[INFORMATION Boundary: Start]

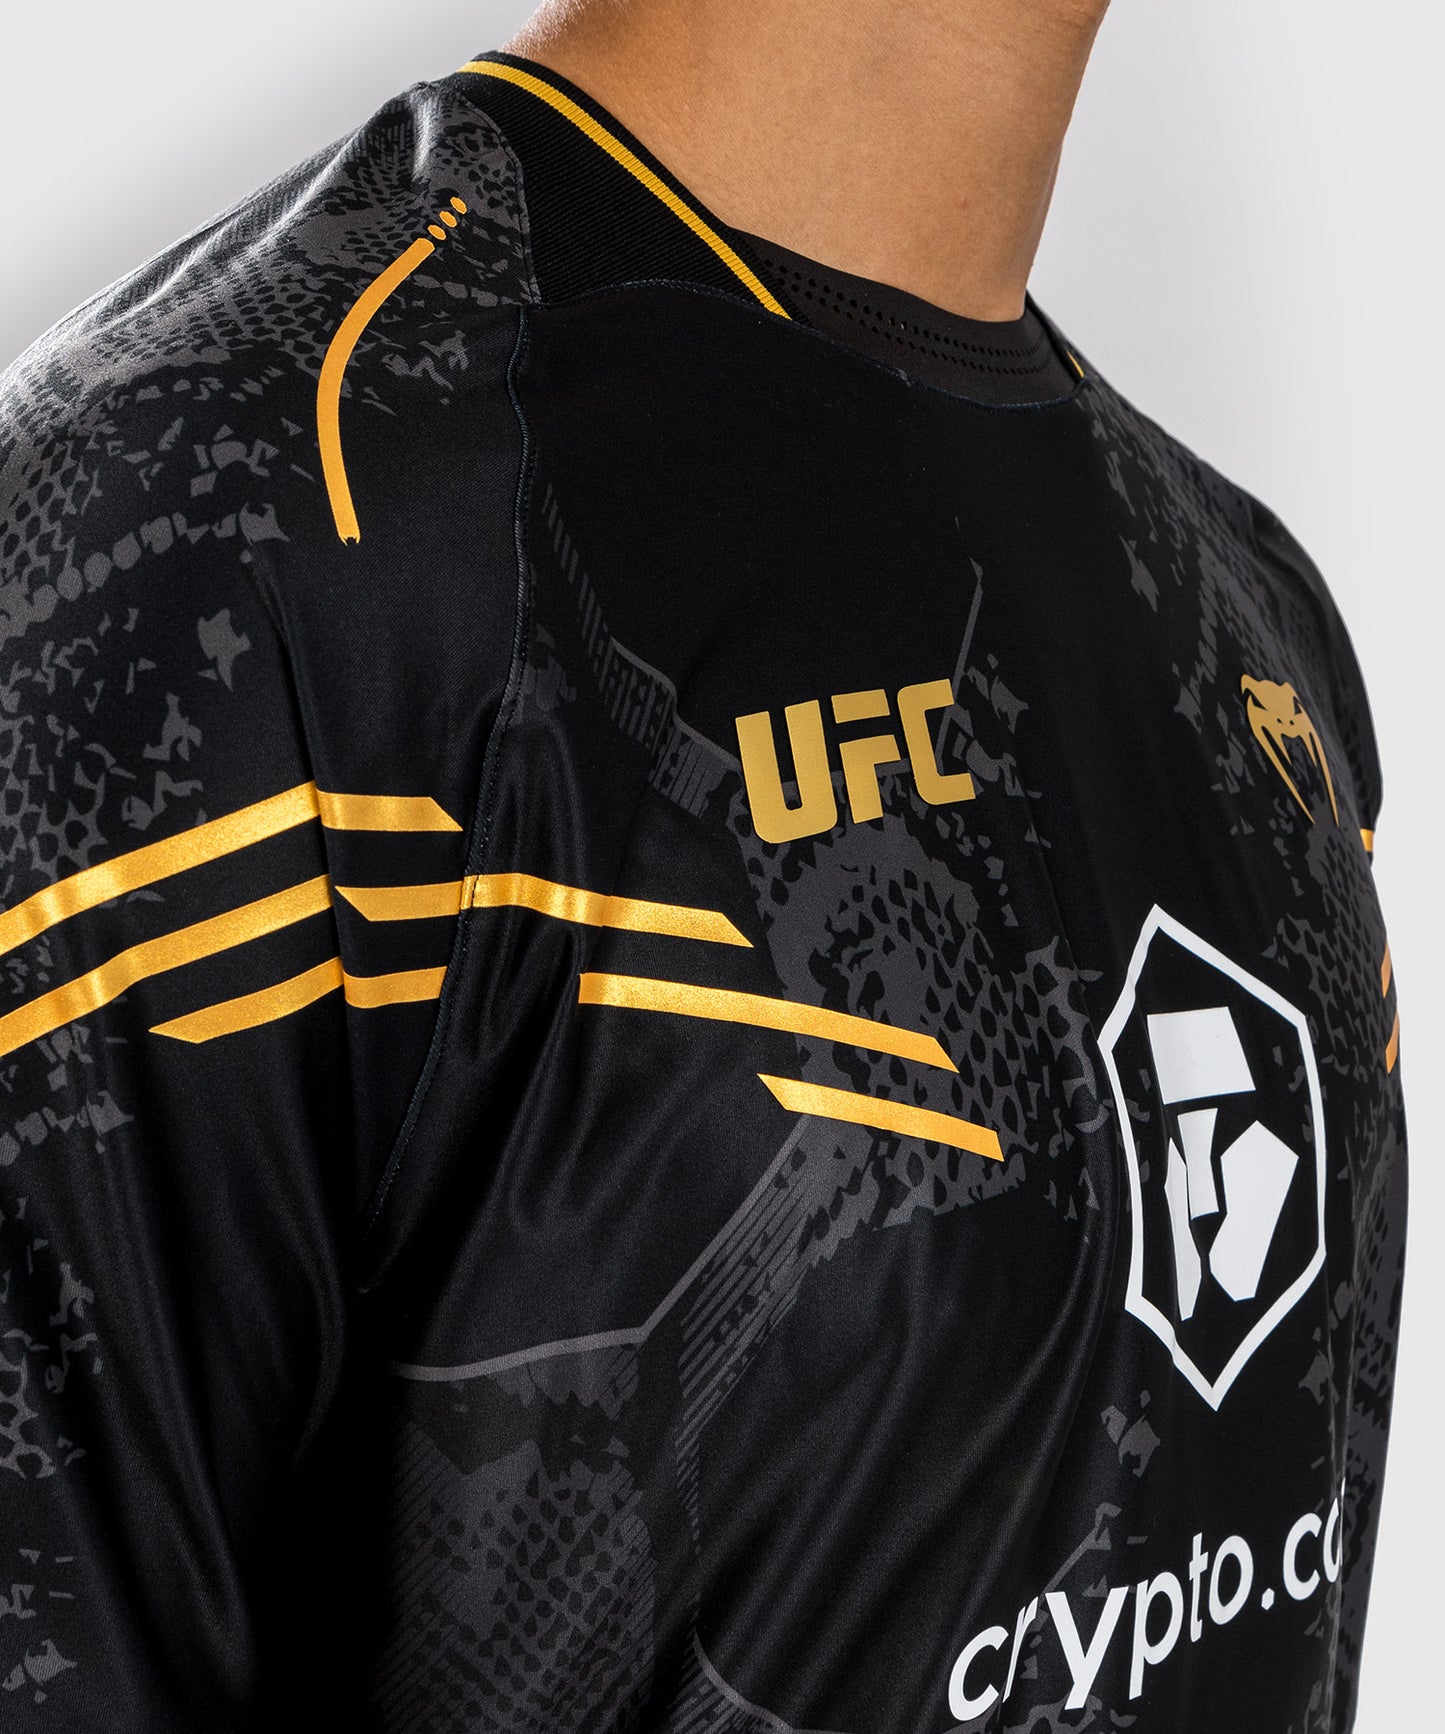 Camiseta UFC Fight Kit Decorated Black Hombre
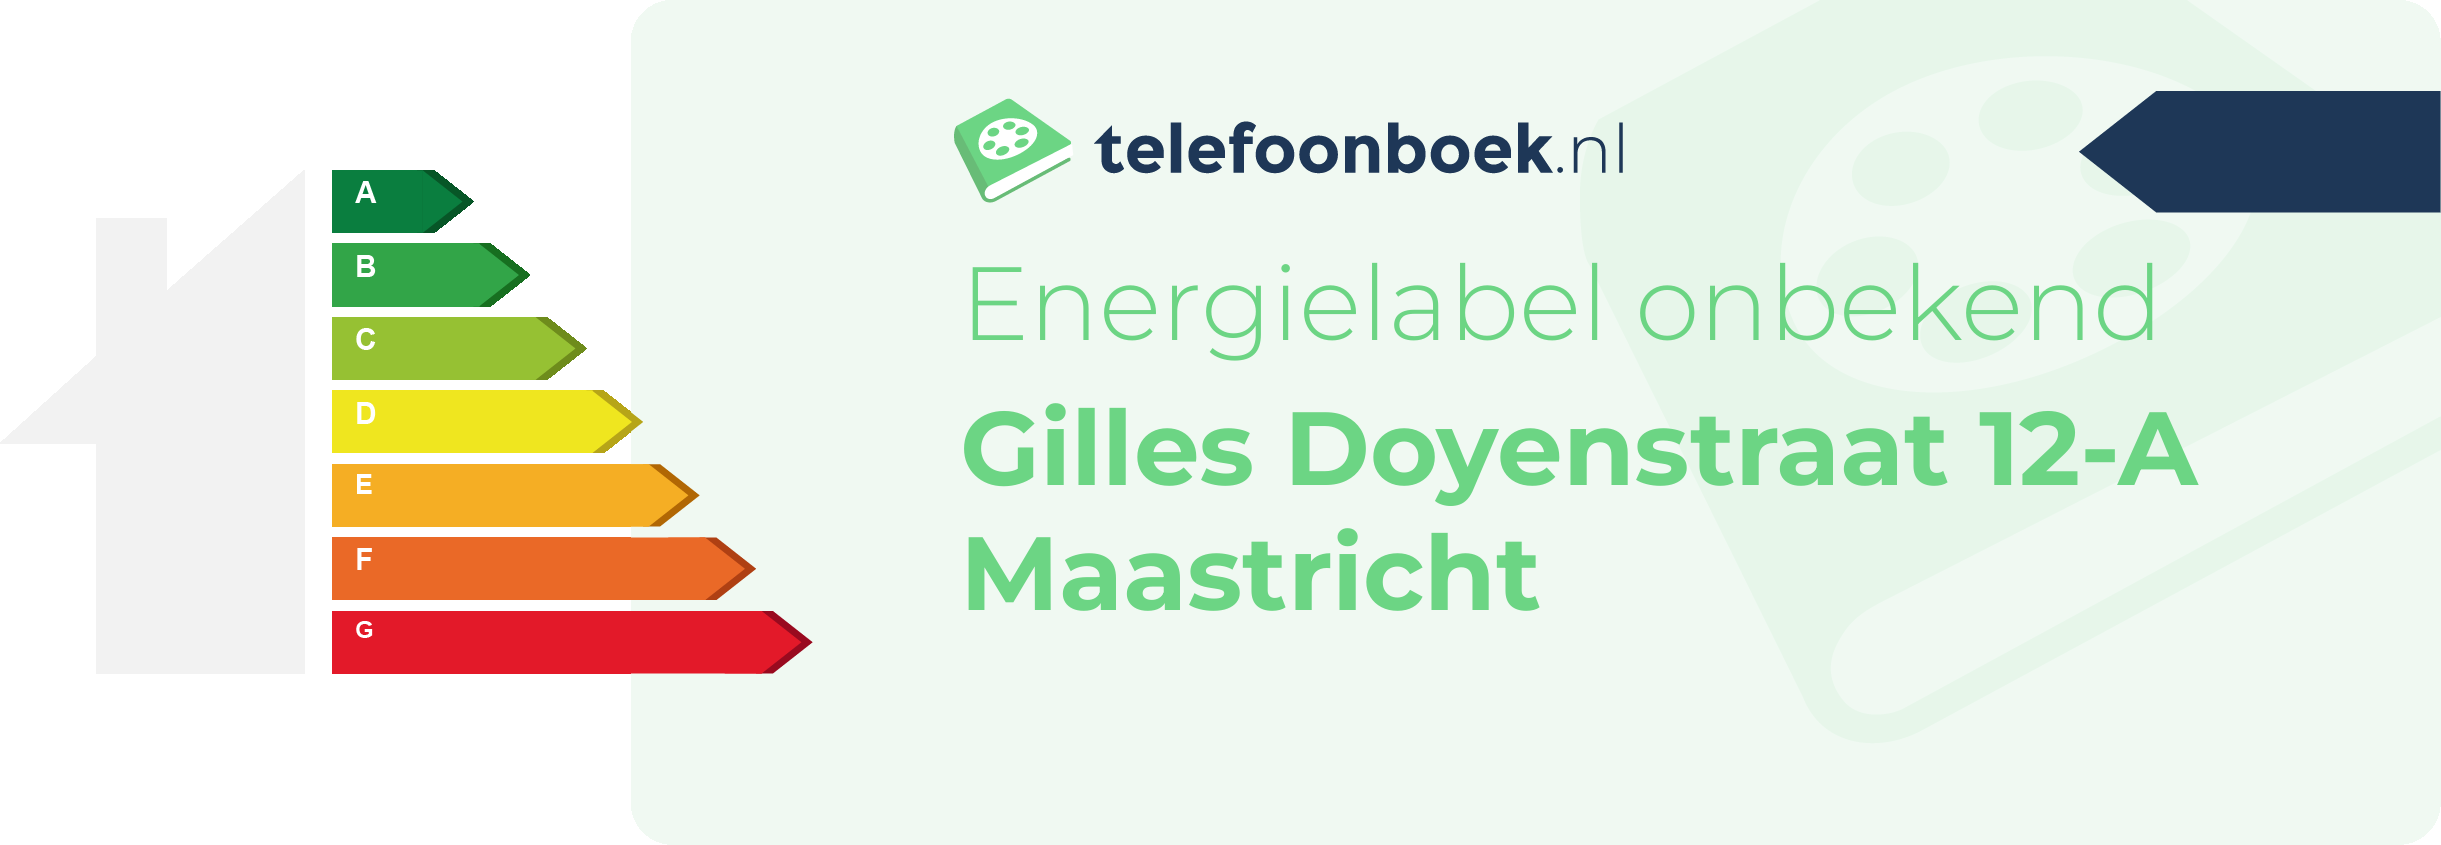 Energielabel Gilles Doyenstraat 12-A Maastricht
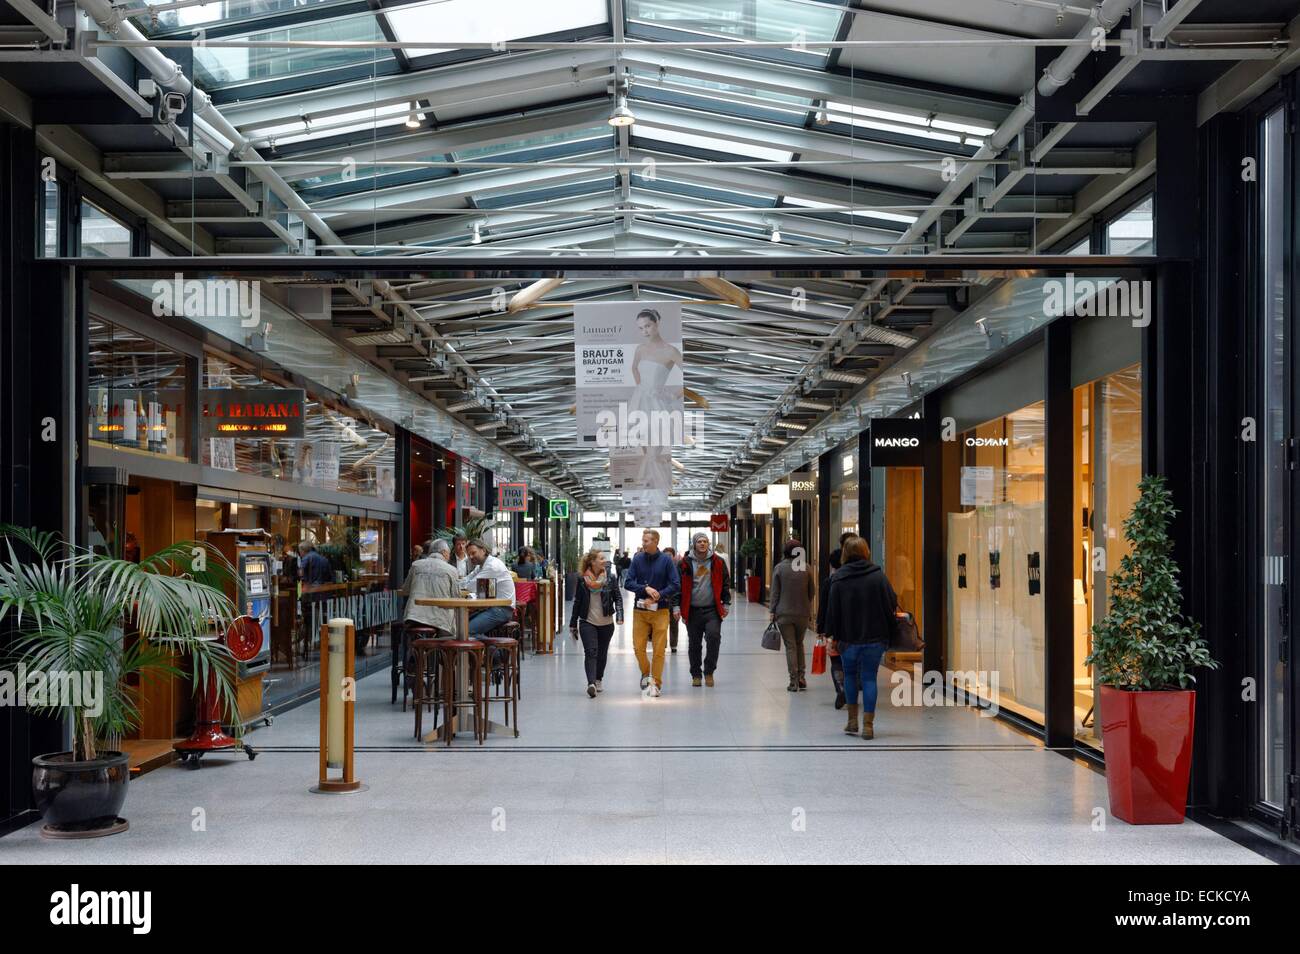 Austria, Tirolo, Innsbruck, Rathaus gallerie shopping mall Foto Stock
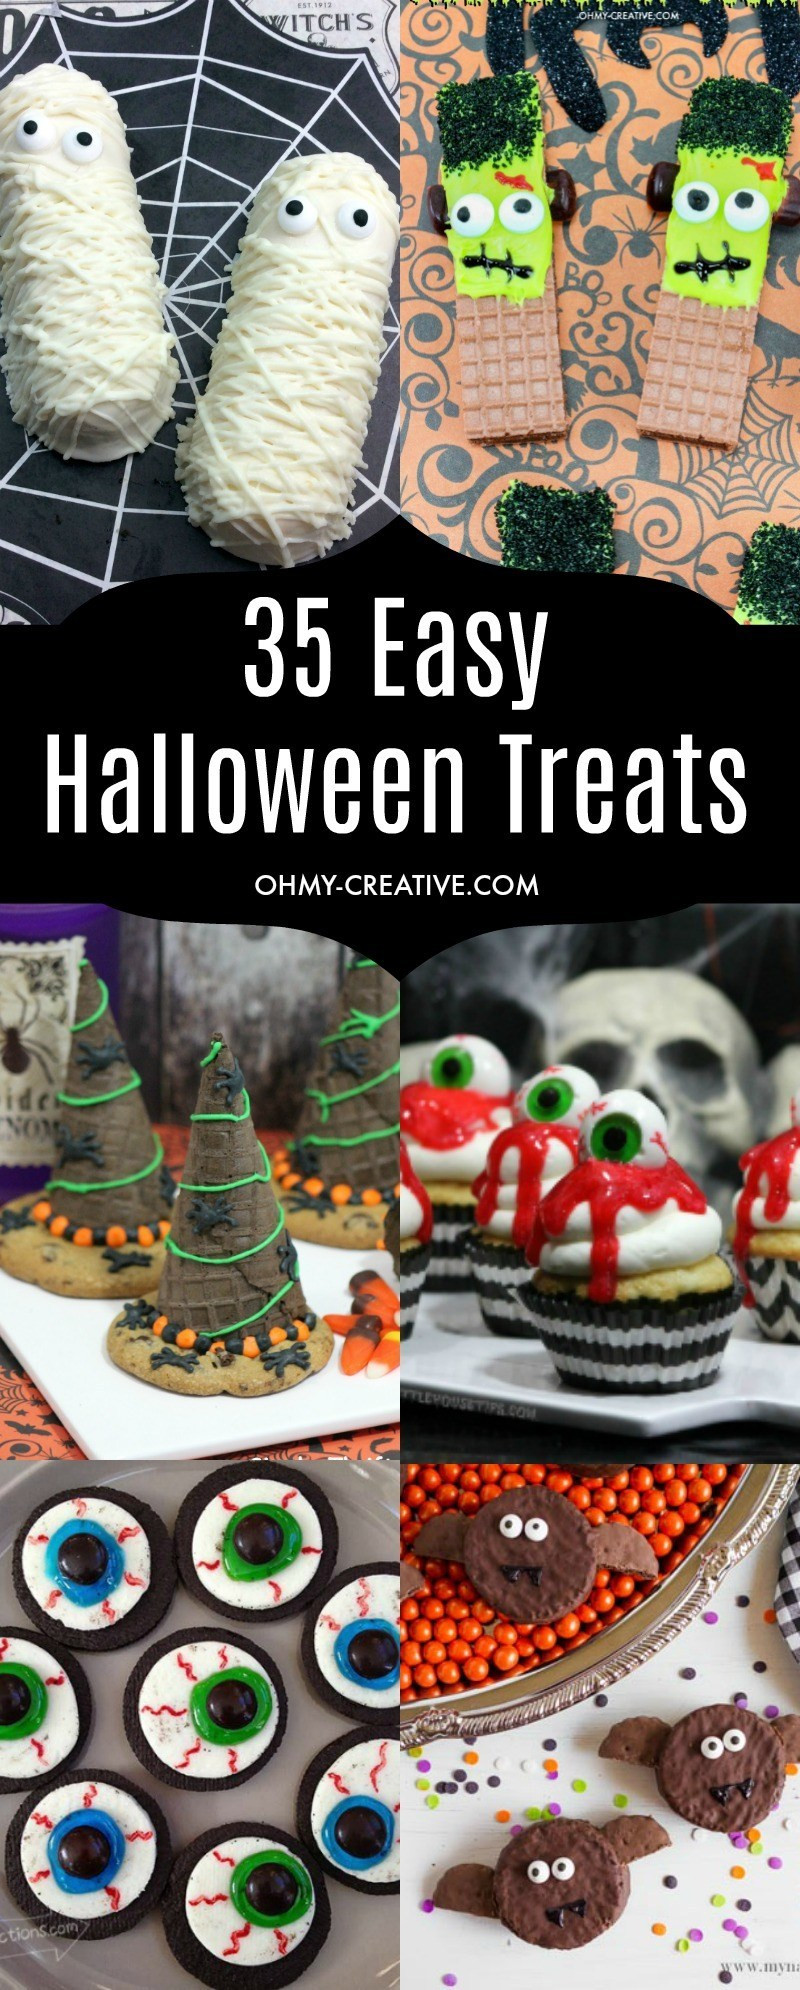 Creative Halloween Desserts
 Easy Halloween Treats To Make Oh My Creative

[INFORMATION Boundary: End]

BRIEF — With pictures excluded, the lines running from the one containing "Creative Halloween Desserts" through the last line of the records above are to be restated exactly and in full.

REPLY TO THE TASK —
 Creative Halloween Desserts
 Easy Halloween Treats To Make Oh My Creative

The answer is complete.